- Theatrical release poster
- Hangul: 인생은 아름다워
- RR: Insaengeun areumdawo
- MR: Insaengŭn arŭmdawŏ
- Directed by: Choi Kook-hee
- Written by: Bae Se-yeong
- Produced by: Park Eun-kyung
- Starring: Ryu Seung-ryong; Yum Jung-ah; Park Se-wan; Ong Seong-wu;
- Cinematography: Back Yoon-seuk
- Edited by: Yang Jin-mo
- Music by: Kim Joon-seok
- Production company: The Lamp
- Distributed by: Lotte Entertainment
- Release date: September 28, 2022;
- Running time: 122 minutes
- Country: South Korea
- Language: Korean
- Box office: US$8.5 million

= Life Is Beautiful (2022 film) =

South Korean jukebox musical road film

Life Is Beautiful is a 2022 South Korean musical comedy-drama film directed by Choi Kook-hee and starring Yum Jung-ah, Ryu Seung-ryong, Park Se-wan and Ong Seong-wu. The film is about a woman, Oh Se-yeon, who makes an absurd request to find her first love as a birthday present, and her husband, Jin-bong, who reluctantly goes on a trip with her across the country. The film had its premiere at 36th Fribourg International Film Festival on March 19, 2022, and was released in theaters on September 28, 2022 in South Korea.

==Plot==
Se-yeon, who has dedicated herself to her blunt husband Jin-bong and their indifferent children, realizes that she does not have much time left. Saddened by a life filled with uncertainty and unfulfilled dreams, she makes an unusual request for her final birthday to find her first love, who suddenly came to mind, as her last birthday present.
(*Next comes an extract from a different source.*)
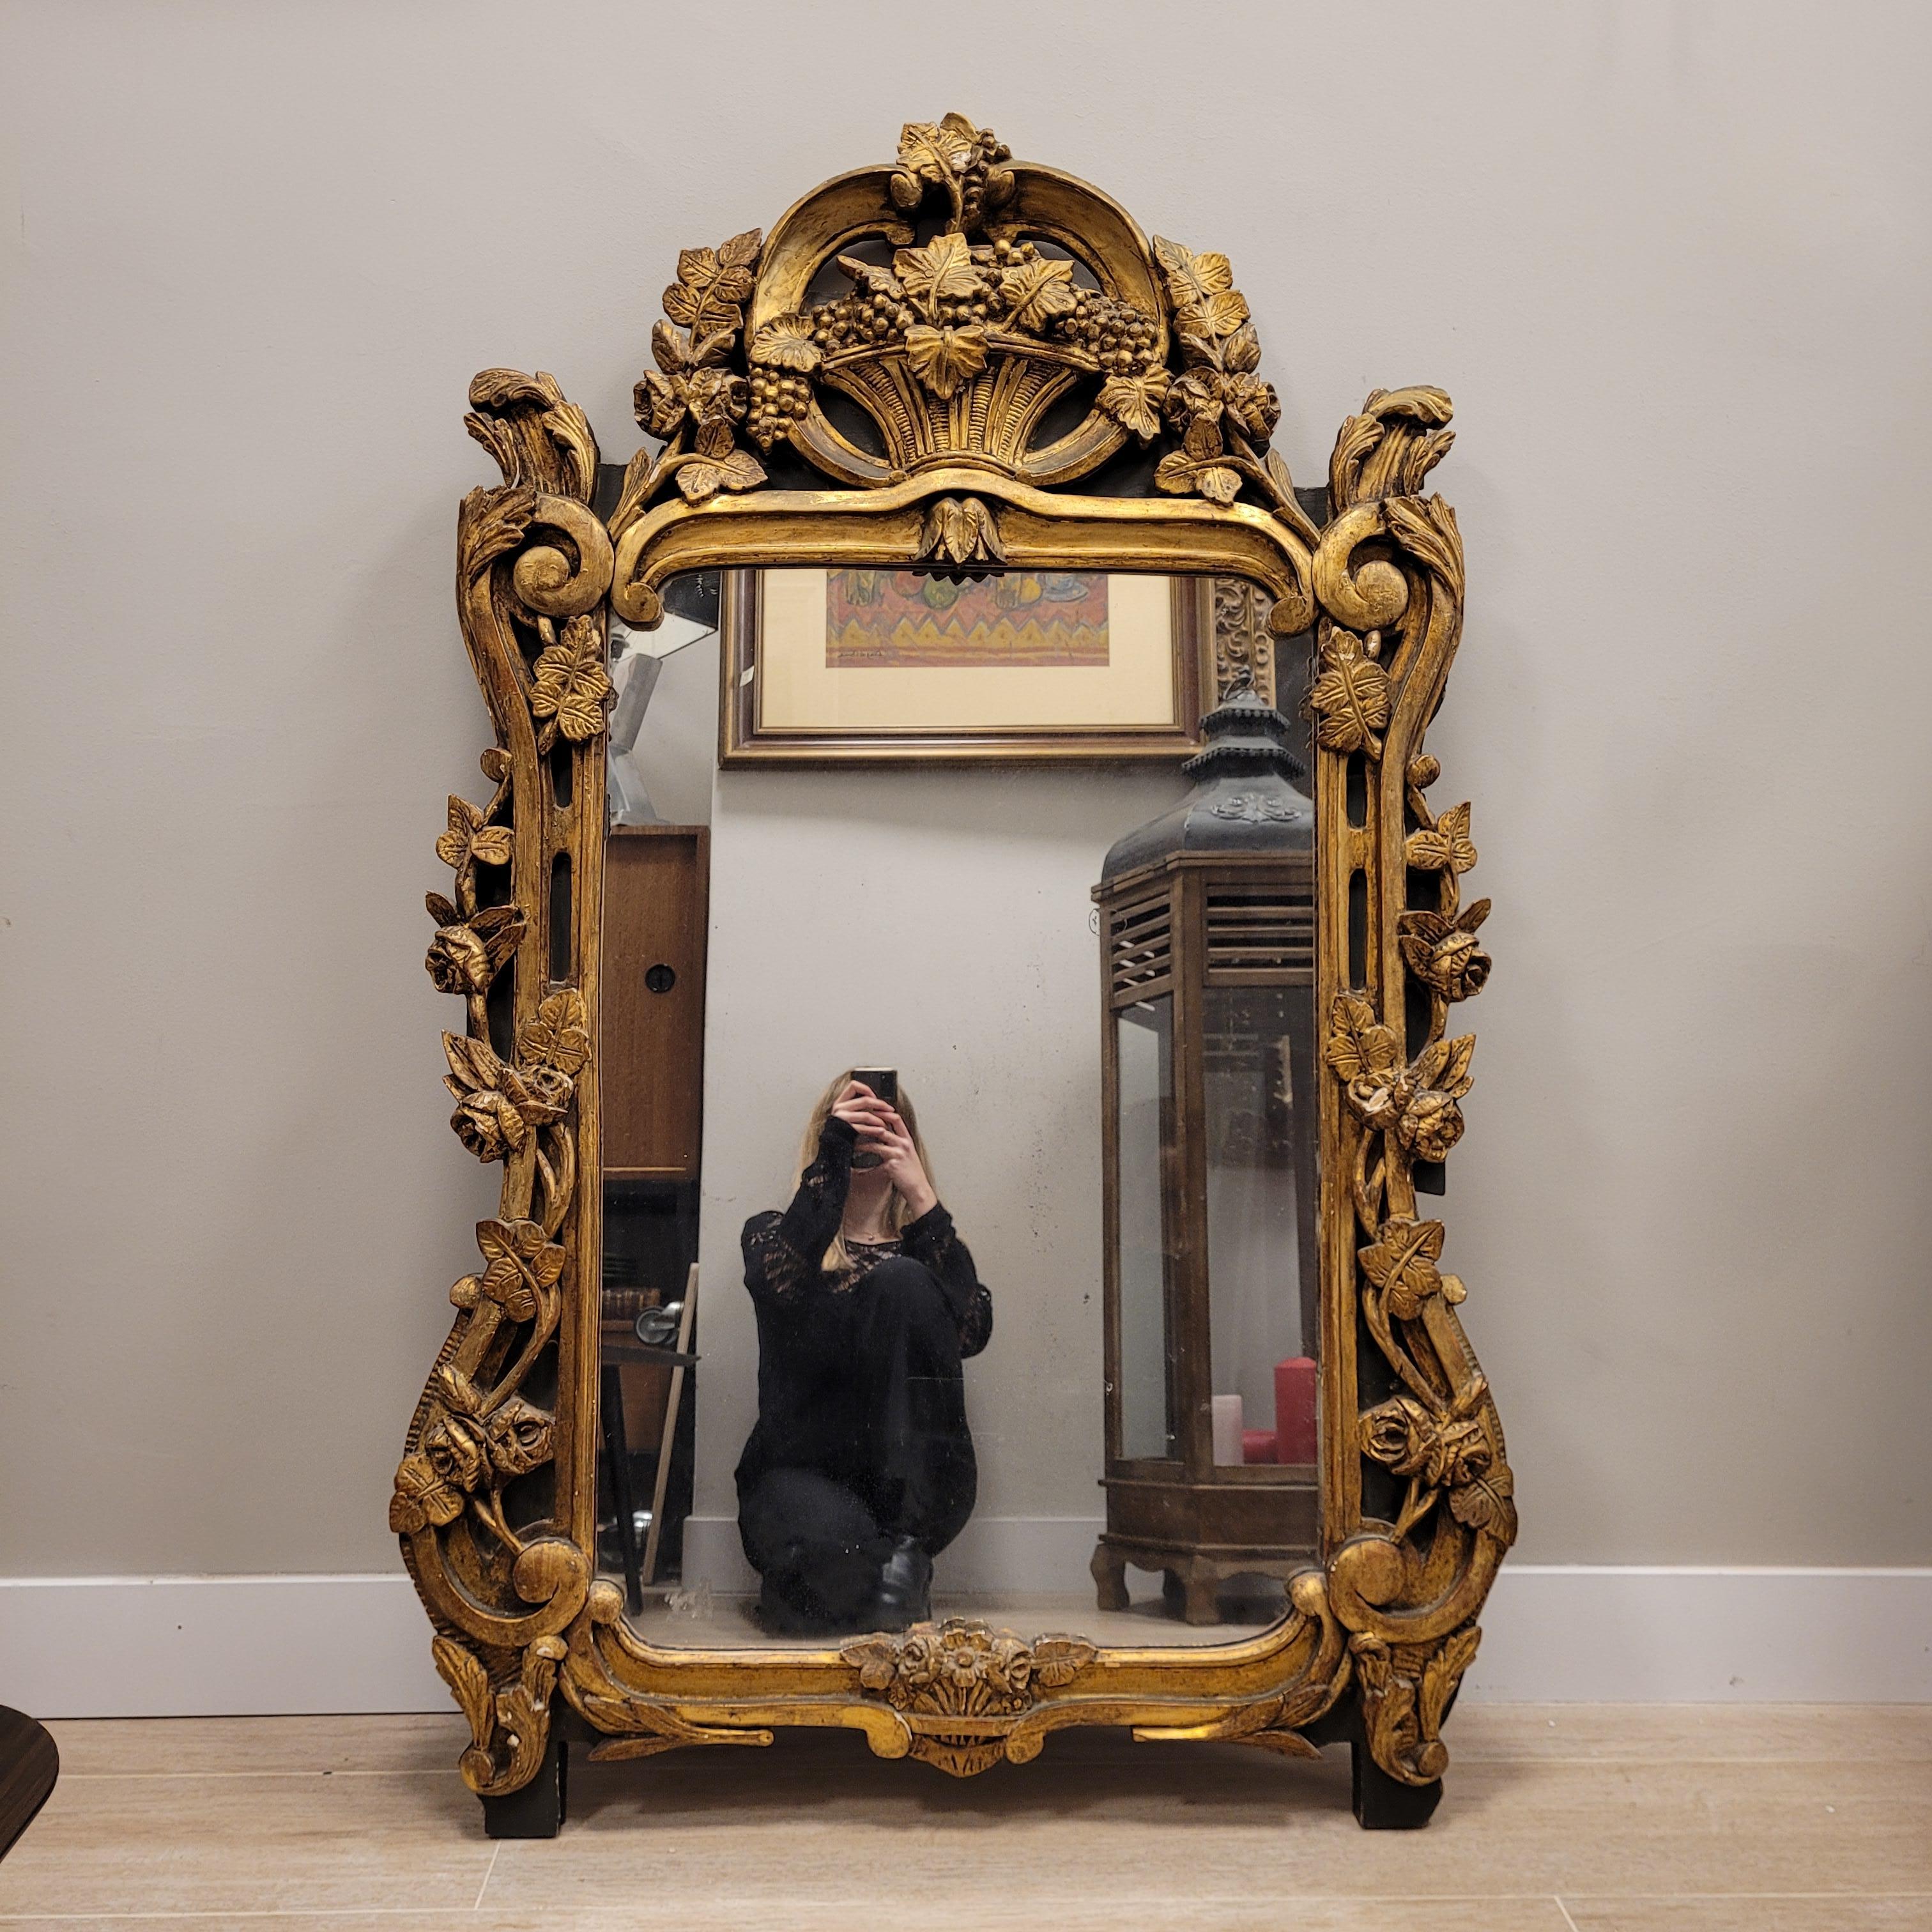 Gorgeous 

Spectacular French mirror of Regency style and era. The French Regency refers to the period after the death of Louis XIV, between September 1, 1715 and February 15, 1723, during which King Louis XV was a minor and France was governed by

Reluctantly, Jin-bong agrees to embark on this quest, driven by his wife's insistence. With nothing but three names and no real leads, the couple sets off on a journey across the country. As they bicker and banter along the way, they also rediscover the precious moments of their shared past.

==Production==
===Theme===
The film is a road film in which two people wife and husband wander across the country in search of wife's first love, It has music that fits their stories from childhood to the present. It is the first jukebox musical in South Korea, containing familiar popular songs from the 1970s to 2000s.

===Filming===
The filming began on October 14, 2019 and it was wrapped up on February 6, 2020.

==Release==

Life Is Beautiful had its premiere at 36th Fribourg International Film Festival on March 19, 2022.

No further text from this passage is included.